What makes ISR credible in a professional context
Credibility comes from a controlled process that can be explained, repeated, and reviewed. It is less about “intent” and more about evidence and governance.
What institutional stakeholders actually evaluate
| Methodology | Definitions, criteria, thresholds, and how judgement is documented. |
|---|---|
| Monitoring | Cadence, triggers, controversy handling, and escalation (including exit logic). |
| Governance | Roles, responsibility layers, conflicts management, and oversight routines. |
| Transparency | Access to policies and stable vocabulary aligned with disclosures and reporting expectations. |
Information that signals seriousness and governance
Stable definitions
Terms are used consistently over time; changes are explicit and documented.
Traceable decisions
Decisions cite evidence sources and are recorded with dates and rationale.
Monitoring discipline
Periodic + event-driven reviews; controversies are handled with escalation, not with messaging.
Governance clarity
Responsibility layers and controls are clear; conflicts are treated as governance events.

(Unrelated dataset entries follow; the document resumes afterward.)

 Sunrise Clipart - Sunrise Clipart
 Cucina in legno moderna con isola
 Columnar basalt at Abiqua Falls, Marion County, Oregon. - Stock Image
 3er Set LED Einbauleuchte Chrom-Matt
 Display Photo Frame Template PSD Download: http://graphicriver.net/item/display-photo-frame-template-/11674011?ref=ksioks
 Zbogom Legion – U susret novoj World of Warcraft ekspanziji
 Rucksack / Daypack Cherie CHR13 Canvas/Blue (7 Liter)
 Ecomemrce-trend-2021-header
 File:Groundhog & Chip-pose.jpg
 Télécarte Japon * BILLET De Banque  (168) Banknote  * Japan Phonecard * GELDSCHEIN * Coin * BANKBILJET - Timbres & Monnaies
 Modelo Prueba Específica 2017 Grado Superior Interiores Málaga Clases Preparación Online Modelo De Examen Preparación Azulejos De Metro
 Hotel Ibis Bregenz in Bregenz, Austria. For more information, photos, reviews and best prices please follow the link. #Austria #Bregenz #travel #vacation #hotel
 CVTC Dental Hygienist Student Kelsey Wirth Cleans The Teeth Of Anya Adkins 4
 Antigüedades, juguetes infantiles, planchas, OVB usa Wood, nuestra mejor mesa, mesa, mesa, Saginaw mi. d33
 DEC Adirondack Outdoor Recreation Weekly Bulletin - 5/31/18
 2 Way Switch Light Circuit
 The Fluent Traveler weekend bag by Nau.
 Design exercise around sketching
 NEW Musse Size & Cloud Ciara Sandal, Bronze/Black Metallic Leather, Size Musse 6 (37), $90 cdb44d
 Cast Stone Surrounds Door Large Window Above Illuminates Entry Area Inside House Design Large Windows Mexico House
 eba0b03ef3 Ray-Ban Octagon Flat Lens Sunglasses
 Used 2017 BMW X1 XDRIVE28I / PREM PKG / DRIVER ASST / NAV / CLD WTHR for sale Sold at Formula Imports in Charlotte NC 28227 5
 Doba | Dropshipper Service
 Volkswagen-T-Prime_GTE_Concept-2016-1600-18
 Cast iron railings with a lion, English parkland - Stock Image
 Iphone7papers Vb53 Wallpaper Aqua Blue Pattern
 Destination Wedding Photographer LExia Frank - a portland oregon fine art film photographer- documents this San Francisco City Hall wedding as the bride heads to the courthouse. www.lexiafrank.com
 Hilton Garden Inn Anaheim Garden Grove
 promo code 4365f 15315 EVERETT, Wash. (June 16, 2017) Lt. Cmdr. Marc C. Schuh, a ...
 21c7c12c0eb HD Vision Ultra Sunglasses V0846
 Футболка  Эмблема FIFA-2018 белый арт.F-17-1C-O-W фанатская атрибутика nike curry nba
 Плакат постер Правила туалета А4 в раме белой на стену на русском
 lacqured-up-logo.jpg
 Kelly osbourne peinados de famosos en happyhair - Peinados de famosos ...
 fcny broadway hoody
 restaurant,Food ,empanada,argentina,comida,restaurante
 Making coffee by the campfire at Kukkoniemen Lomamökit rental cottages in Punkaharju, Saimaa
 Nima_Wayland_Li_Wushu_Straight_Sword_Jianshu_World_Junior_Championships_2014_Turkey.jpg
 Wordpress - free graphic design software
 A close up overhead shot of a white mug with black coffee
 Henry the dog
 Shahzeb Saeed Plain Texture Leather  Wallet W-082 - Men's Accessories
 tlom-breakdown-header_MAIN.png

ESG clichés and anti-patterns to avoid
In a professional ISR context, the following often reads as weak signal:
- Nature-metaphor visuals used as proof (“leaves”, “hands”, “planet” stock imagery).
- Generic future promises (“invest for a better future”) without evidence or a reporting structure.
- Emotional framing that replaces definitions and controls.
- Performance-led ISR claims.
Practical test: if the page can’t be used as a reference in a due diligence file, it’s likely too narrative.